Cohn et al. The Missing Link - A Probabilistic Model of Document Content and Hypertext Connectivity. Advances in Neural Information Processing Systems.

Online version

NIPS

Summary

This paper presents an interesting approach of jointly modeling the document and link generation. Potential applications include Community Detection . The basic ideas are:

  • Use a corpus of articles which have links between them. Examples of such articles are webpages with hyperlinks, scientific articles with citations etc.
  • Build a Topic Model which could jointly model the documents along with the citations between the documents.
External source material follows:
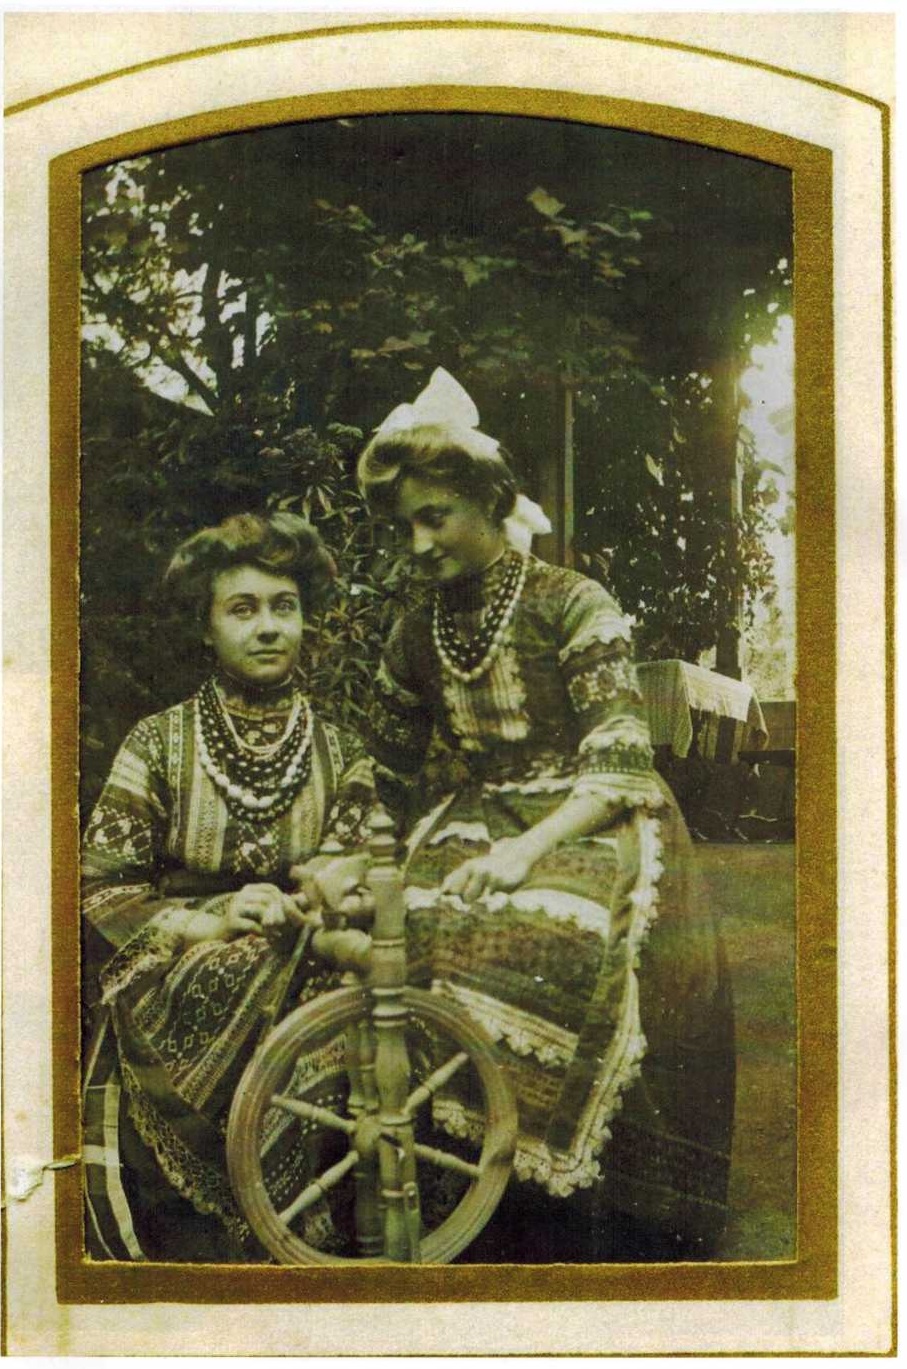 Лидия со служанкой - дочь управляющего Белорецким заводом К.О. Коля, конец 19 - нач. 20 века

Both the words and citations in a document are dependent on the topic proportion present in the document.

Brief description of the method

The paper describes a method in which the document generation and link generation can be combined by using already known probabilistic version of Latent semantic indexing and HITS algorithm. More specifically both the terms in a document and the links present in the document are generated over a document-specific mixing proportion of factors. For all practical purposes these factors can be considered as topics which are multinomials over the entire vocabulary as in Latent Dirichlet Allocation. The standard method used is to evaluate an expression for the joint likelihood of the corpus and then use Expectation Maximization to compute the topic conditional distribution and the mixing proportions of the document.

Experimental Result

The author used external tasks to verify the usability of the joint model. The first evaluation task was that of classification of web-pages Web KB dataset and abstracts from Cora network. The classification was done using a nearest neighbor method where the proximity was computed using [UsesMethod:: Cosine Similarity]. The joint model shows higher accuracy than either of the model in isolation however, no statistical significance testing was carried out. The second evaluation task was to predict a quantity called reference flow which could be used to predict link between a source and target document. In comparison to a placebo link detector the joint model performs significantly better.

Related papers

An interesting related paper is Cohn, D. ICML 2000 which proposes a latent variable model for citation.